A partire da queste osservazioni, possiamo dunque tornare alla domanda posta all’inizio: che tipo di scienza, etica, teatro promuove l’affermazione «La vita è sogno» interpretata da Lenz Fondazione? Per ciascuno di questi punti, si possono fornire le brevi osservazioni che seguono.
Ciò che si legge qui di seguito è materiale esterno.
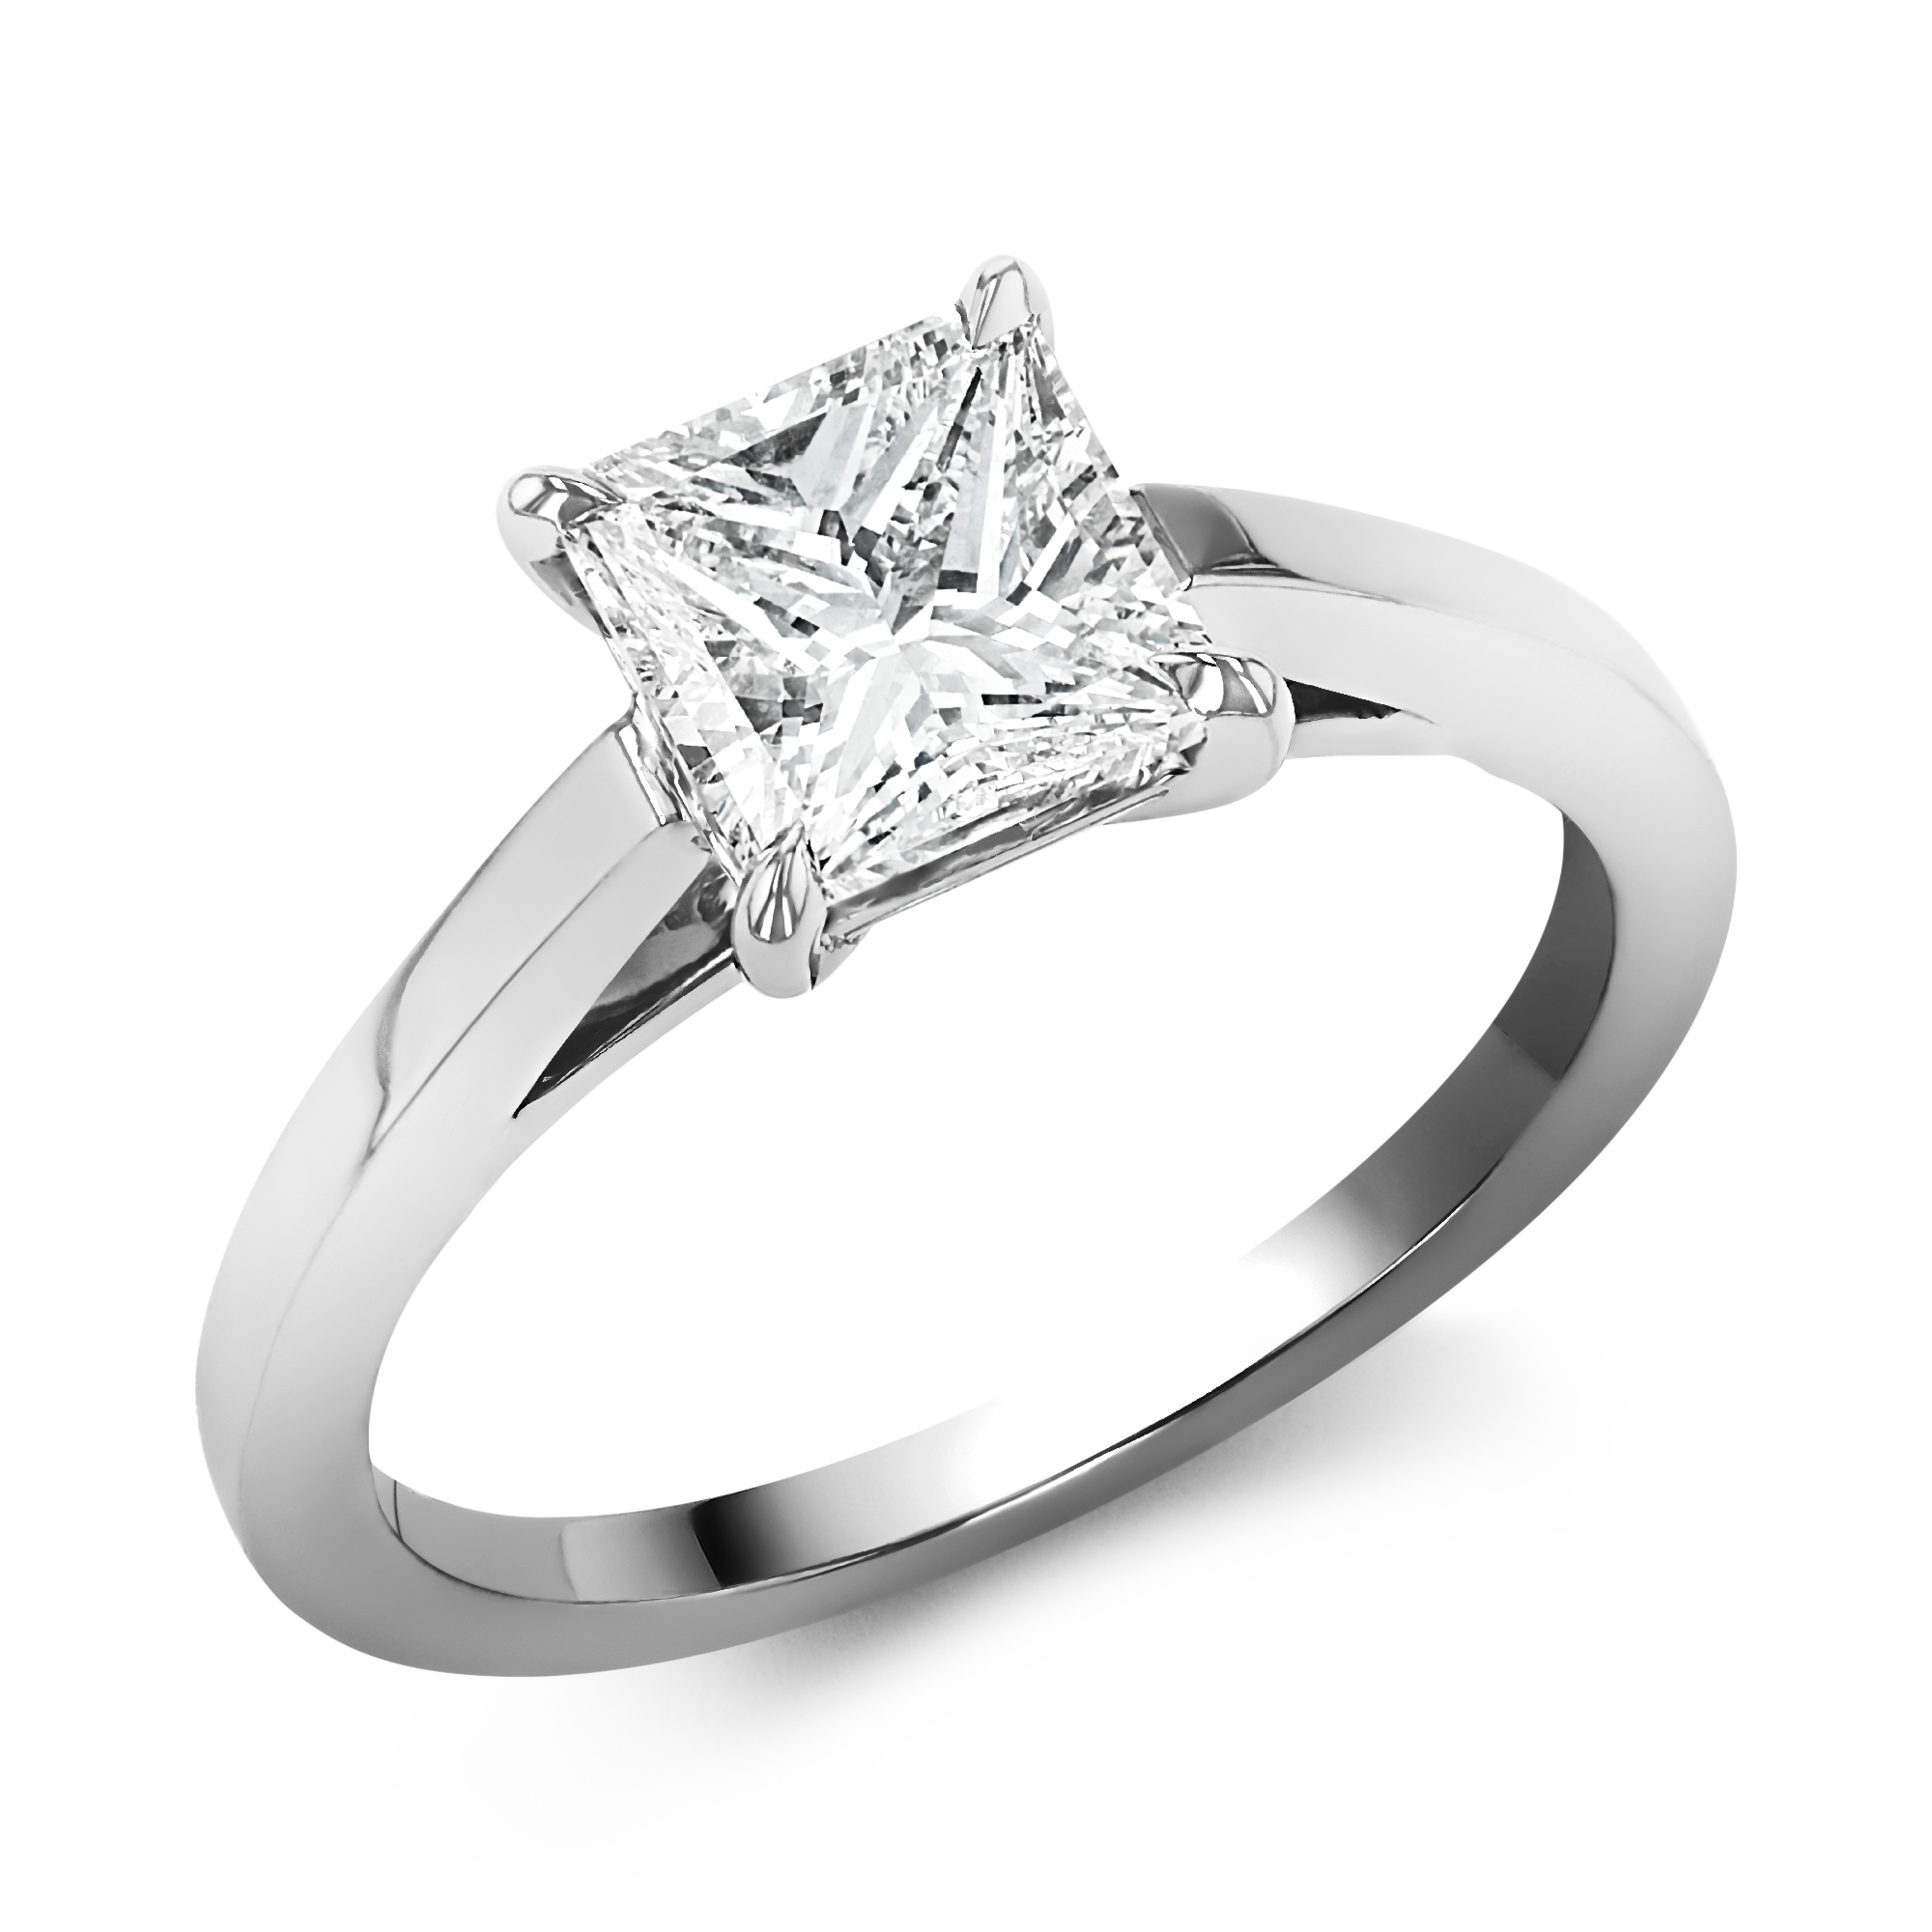 1.51CT Diamond Solitaire Ring Princess Cut, Four Claw Set_1

La scienza che propone Lenz Fondazione con il lavoro La vida es sueño è che l’umanità sia un sogno convulso di Dio. Lo spettatore vede nei primi quattro quadri la veglia della divinità che si accinge alla creazione. Osserva poi, nei successivi cinque, al sogno dell’Uomo che viene portato alla luce e crede di essere un qualcosa dotato di Potere / Intelletto / Libero Arbitrio. Infine, contempla nei tre quadri finali al riscuotersi dell’Uomo dal suo sognare e il suo già citato incontro col mistero della Devozione. L’affermazione scientifica di Lenz Fondazione è, insomma, che la distinzione tra veglia, sonno e sogno non ha ragione di esistere. Sognare significa vivere senza riconoscere il mistero dell’esistenza, che Dio forse guarda faccia a faccia in veglia perenne e che l’Uomo tocca quando rinuncia ai suoi deliri di onnipotenza, onniscienza, onniveggenza.
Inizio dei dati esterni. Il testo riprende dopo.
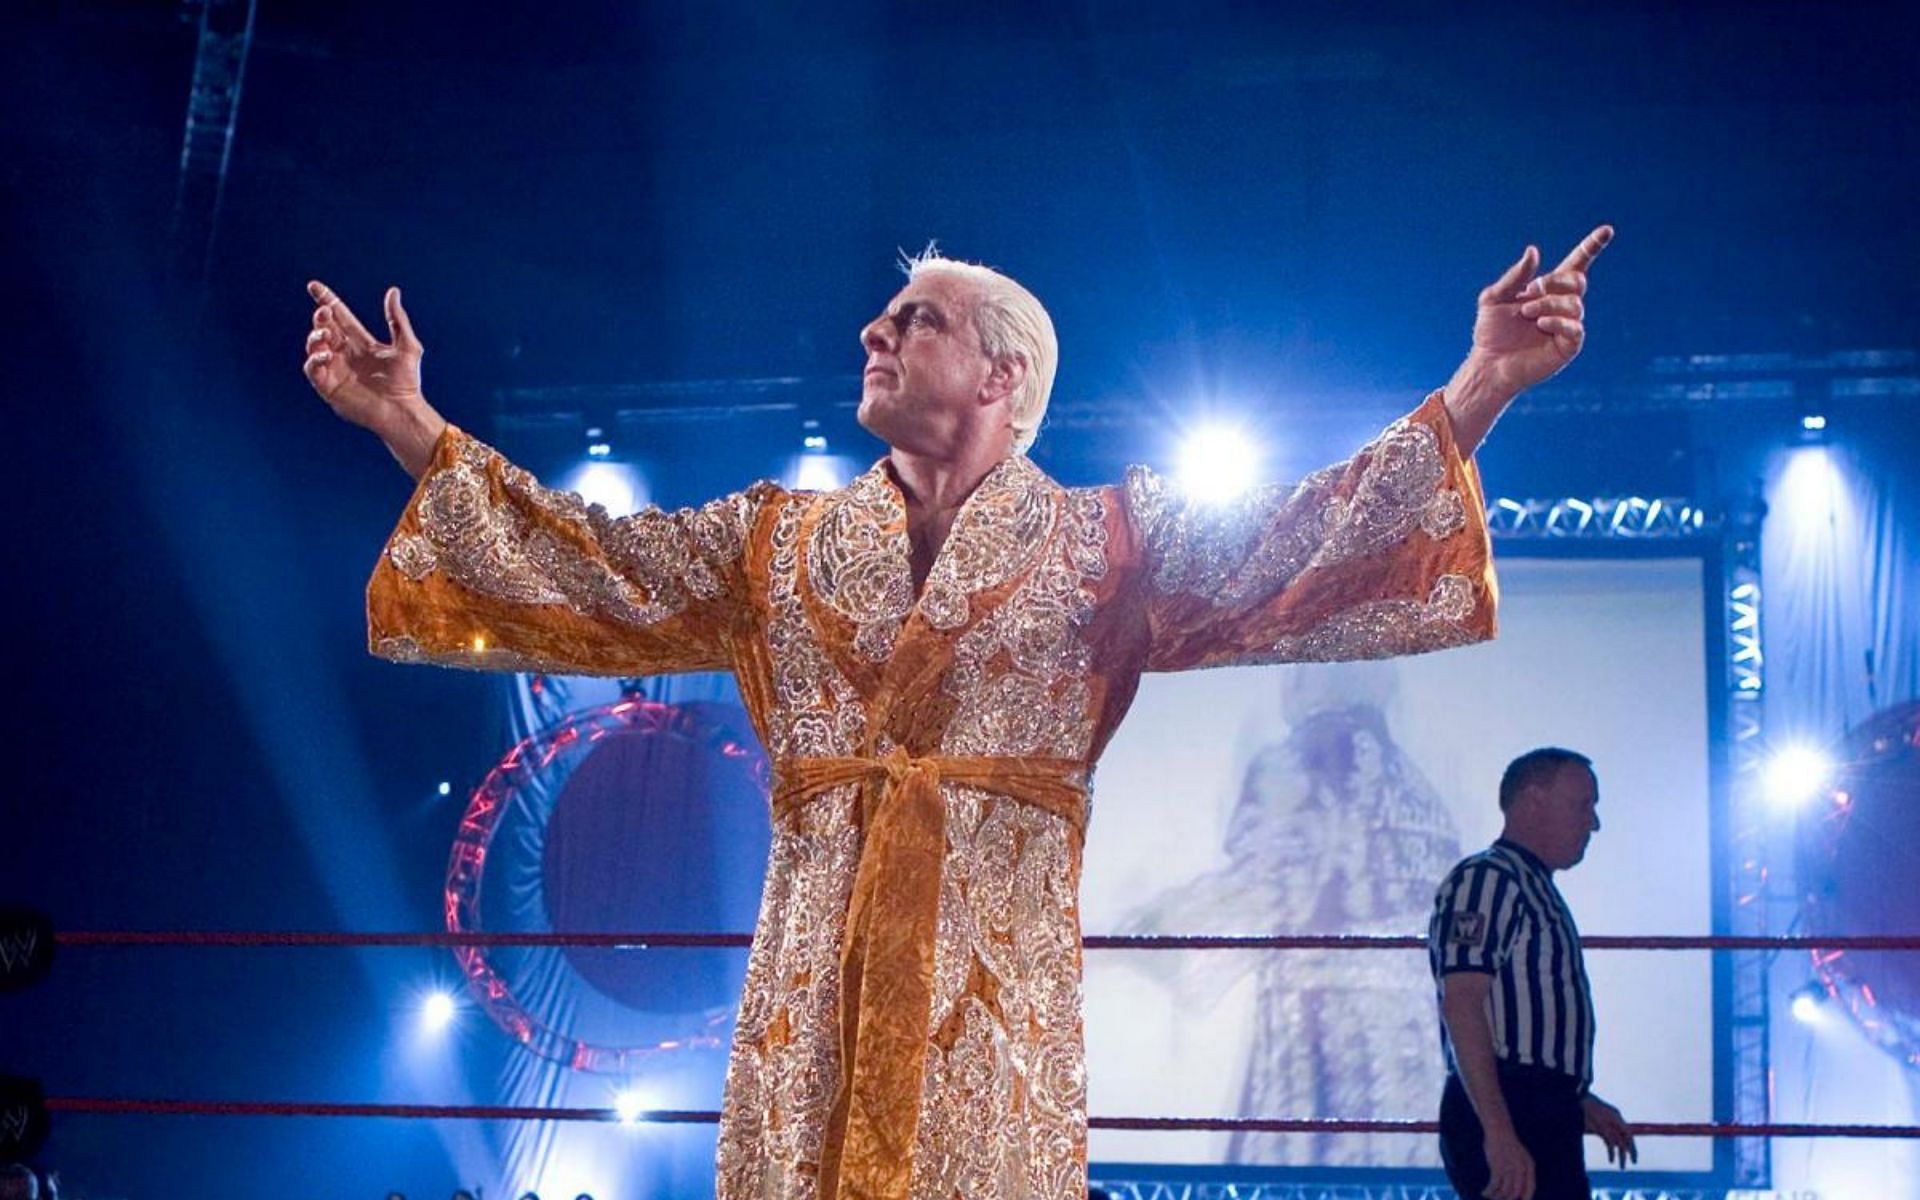 Ric Flair is a 16-time world champion

L’etica di Lenz Fondazione è invece figlia di questa concezione scientifica. Il suo spettacolo La vida es sueño ribadisce quello che molti moralisti intelligenti dicono dagli albori della storia: che potere, sapienza e libertà non sono veri beni, se manca un fine concreto cui destinarli. Questo obiettivo è a sua volta identificato nel sogno della poesia. Un essere umano è tanto più potente, sapiente e libero non se ha soldi, libri o possibilità di movimento, ma quanto più è poeta e riesce a catturare il mistero della vita, che si nasconde dietro le sue evidenti e frequenti miserie.
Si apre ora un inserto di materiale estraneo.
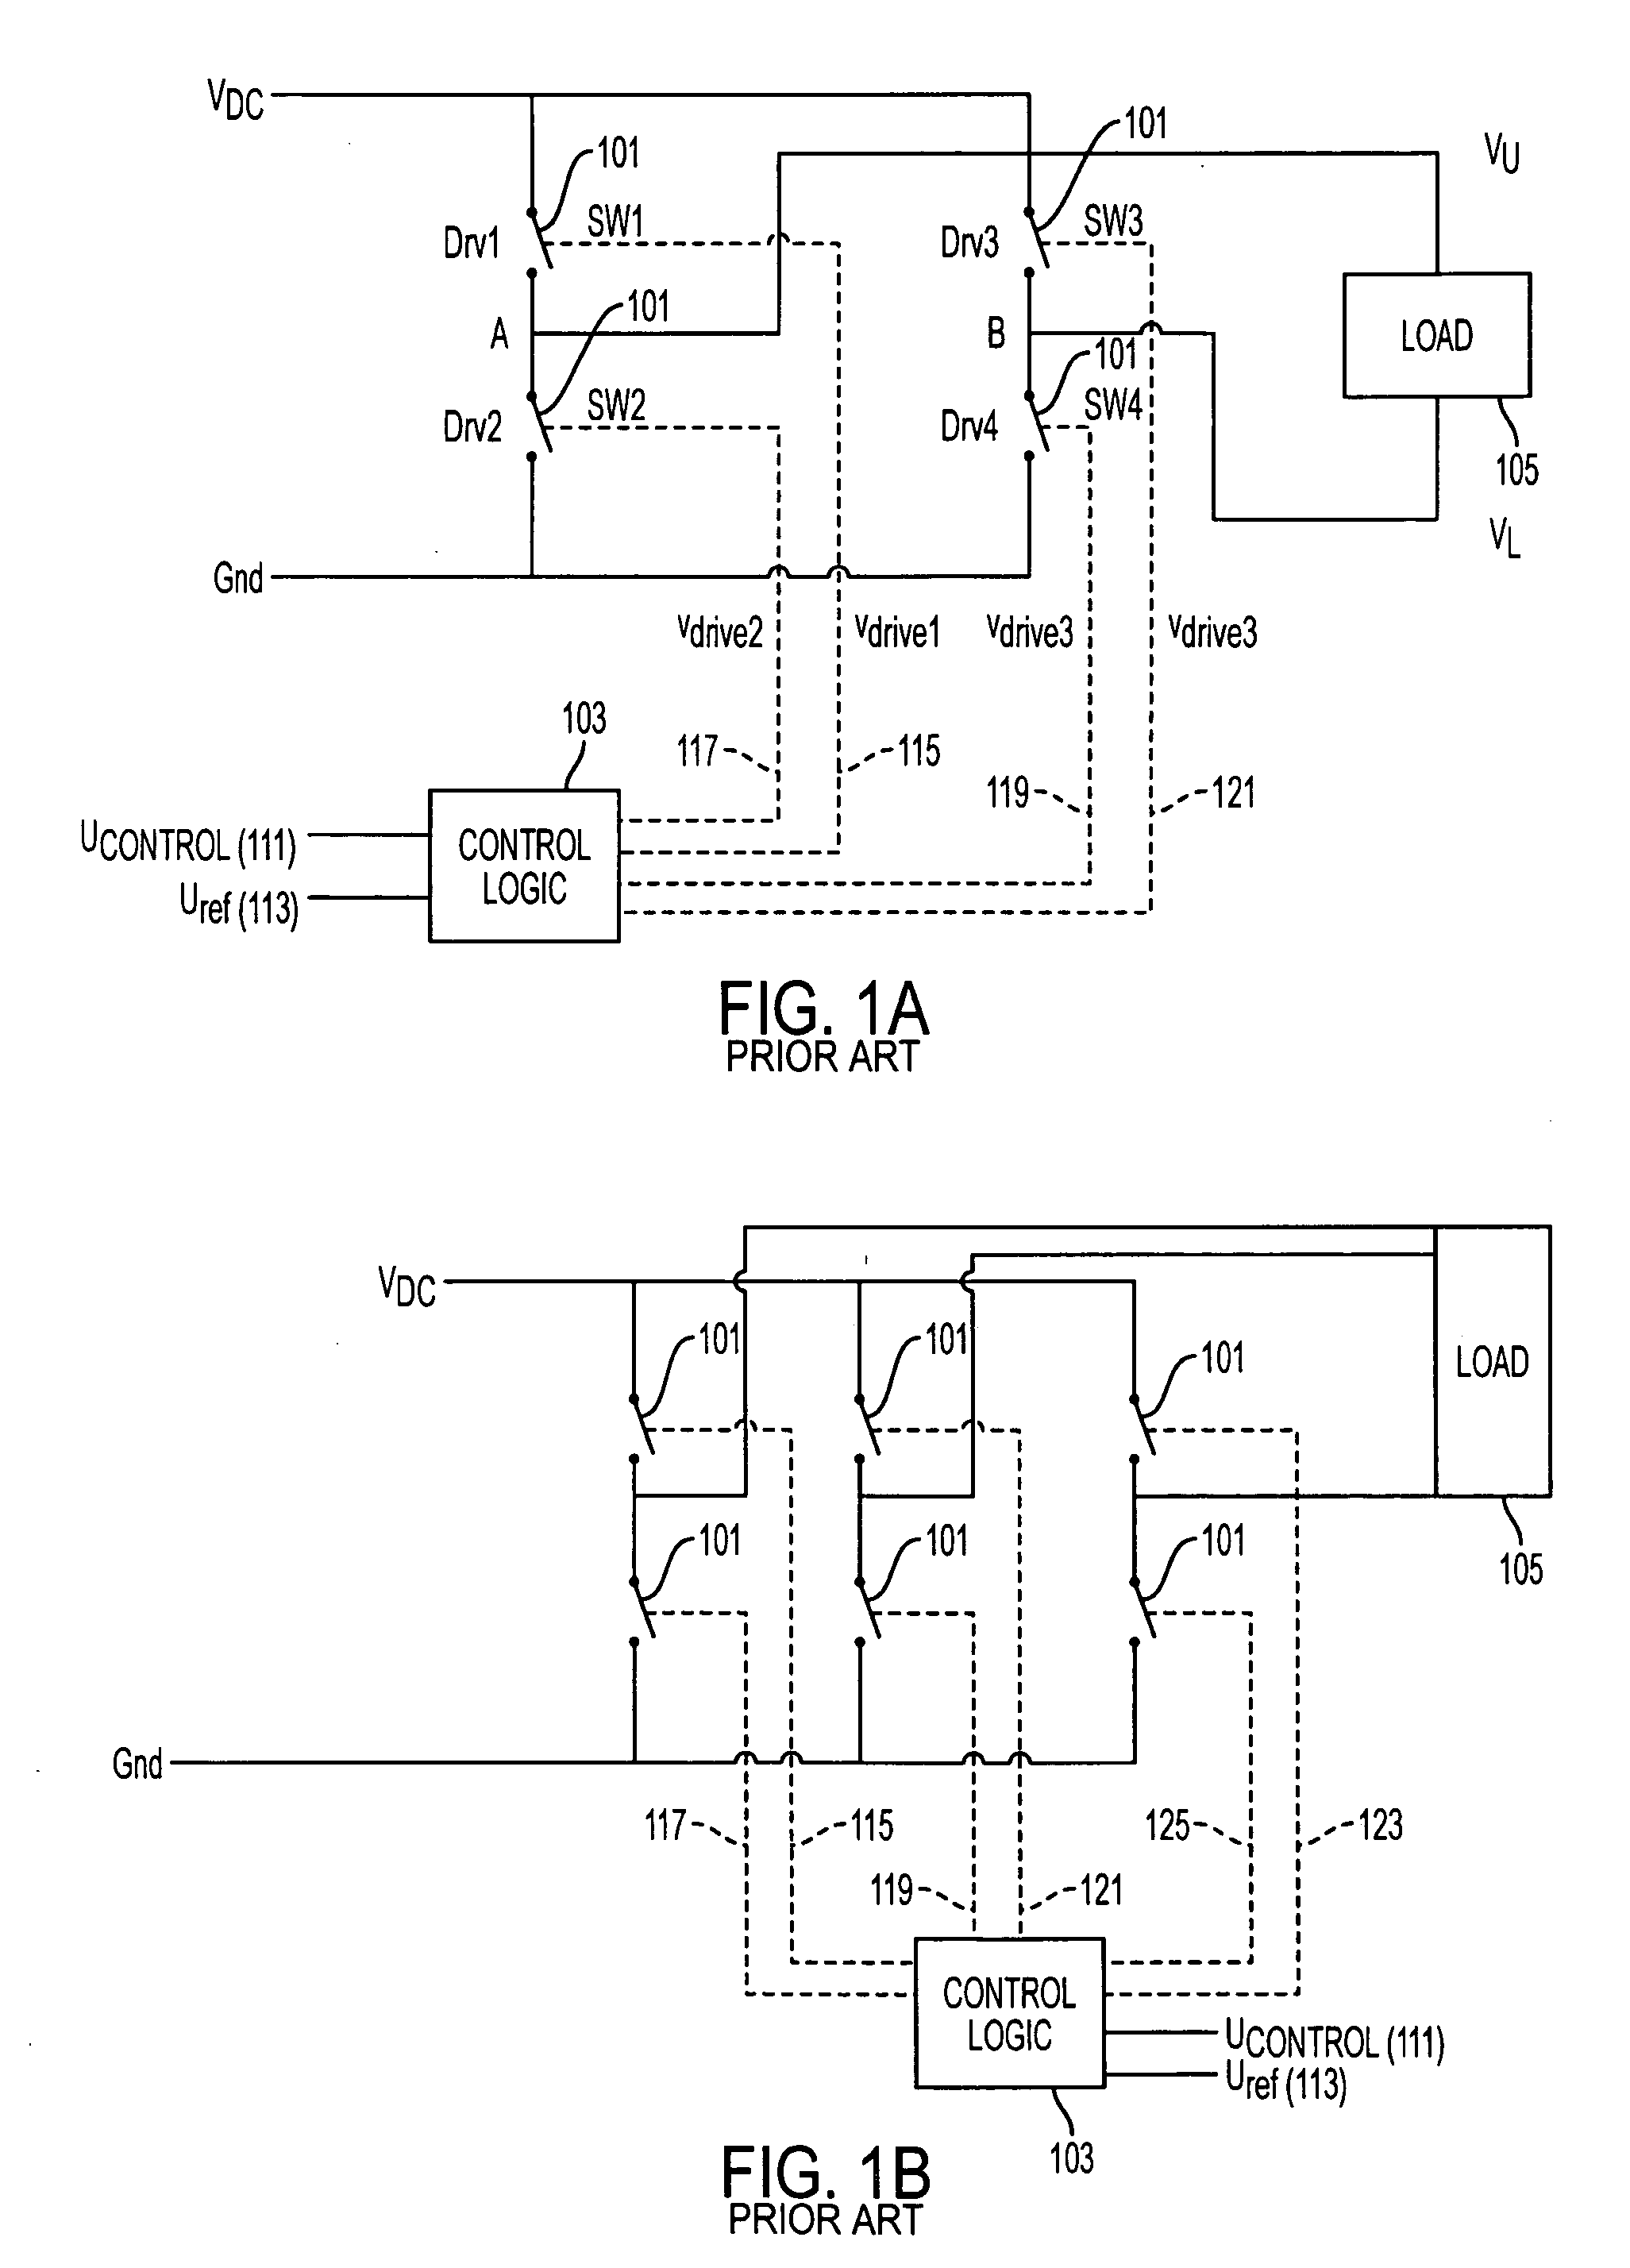 Systems and methods for reducing the magnitude of harmonics produced by a power inverter

Il teatro di Lenz Fondazione consiste, infine, nella ricerca di visioni che veicolano questa visione etico-scientifica. Il teatro è infatti poesia, anzi poesia in azione che esprime la ricchezza di senso delle allegorie attraverso i corpi degli attori. Questi ultimi riescono così, almeno per il breve tempo della rappresentazione poetica, a diventare qualcosa di più che polvere tra gli stracci. Essi si fanno fugace tramite della Devozione per la bellezza. In modo paradossale, dunque, gli attori mostrano come il riconoscimento della nostra pochezza sia la premessa per l’accesso al divino e all’assoluto. Il teatro suggerisce che la forza sia l’impotenza, che l’autentica libertà sia l’abbandono, che la sola sapienza sia l’illusione del bello.